Healthcare Reform Doesn’t Have to be All or Nothing

By: Jeff Cohen

pulling hairHealthcare professionals today are constantly faced with views of what’s changing in healthcare, and all of them seem equally convincing.  “One day, everyone will be employed by a hospital” is one of the favorites.  Not surprisingly, the proponents of that perspective tend to be….hospitals.  “Everyone has to merge their practices” is another favorite.  The proponents?  Large super practices, of course.

How does one sort through this?  Who’s right?  The truth is that everyone is seeing part of the whole and is “right.”  But being “right” doesn’t mean right for you.  My opinion?

●More and more people will be entitled to receive insurance based healthcare services;

●Baby Boomers, who have traditionally footed the bill for the government’s contribution to healthcare expenditures, will drop off (or lower down) the income radar screen over time and thus contribute less;

●There will be increasing pressure on healthcare expenditures over time.  No, this does not mean all care will be paid in a full cap model tomorrow;

●One of the key ways payers will look to deal with the financial pressure will involve some sort of risk based compensation (e.g. case rates, partial or full cap, patient satisfaction modifiers, percentage of premium arrangements).  In short, payers are looking to offload financial risk to providers;

Alignment (with other solid partners—hospital, physician or otherwise) will help a lot!  Stronger, more diverse provider systems are better able to withstand change and manage financial pressure; and

●As base healthcare expands, a “top tier” will likely grow too (for people willing to pay more to get more).
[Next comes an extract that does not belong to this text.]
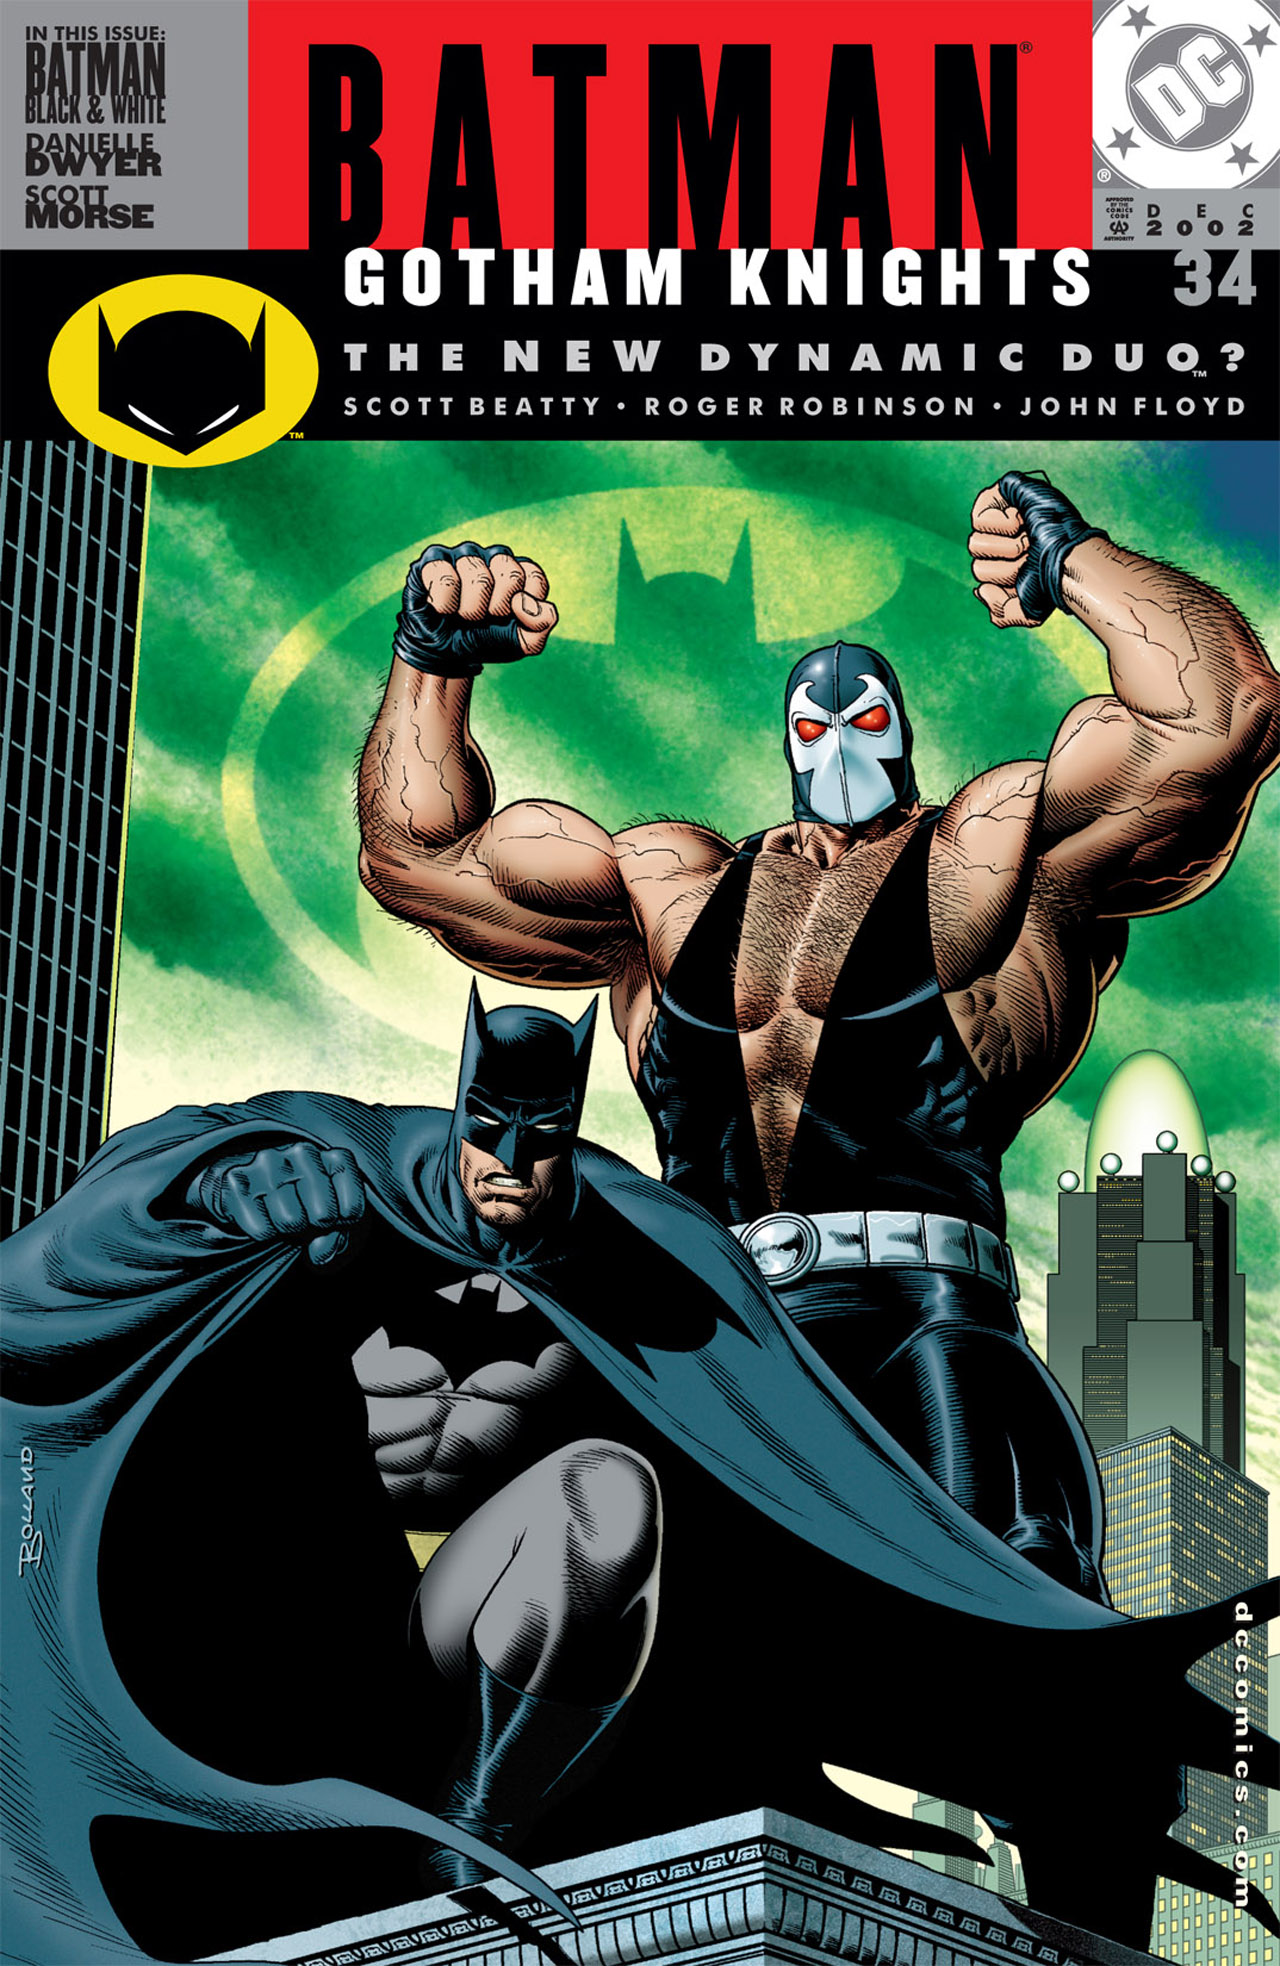 Batman Gotham Knights Issue 34 | Read Batman Gotham Knights Issue 34 comic  online in high quality. Read Full Comic online for free - Read comics online  in high quality .| READ COMIC ONLINE

One size does not fit all!  Though it seems true that the ability to bear financial risk and to show quality will be increasingly critical to success, healthcare professionals faced with so many options have to ask questions like—

Where do I want to be in five years?

What sort of professional financial risks am I will to take over the next five years?

Finding the right thing takes some time and analysis, some strategic thinking.  Jumping at whatever someone is selling doesn’t.  The danger in simply swallowing someone else’s perspective is obvious.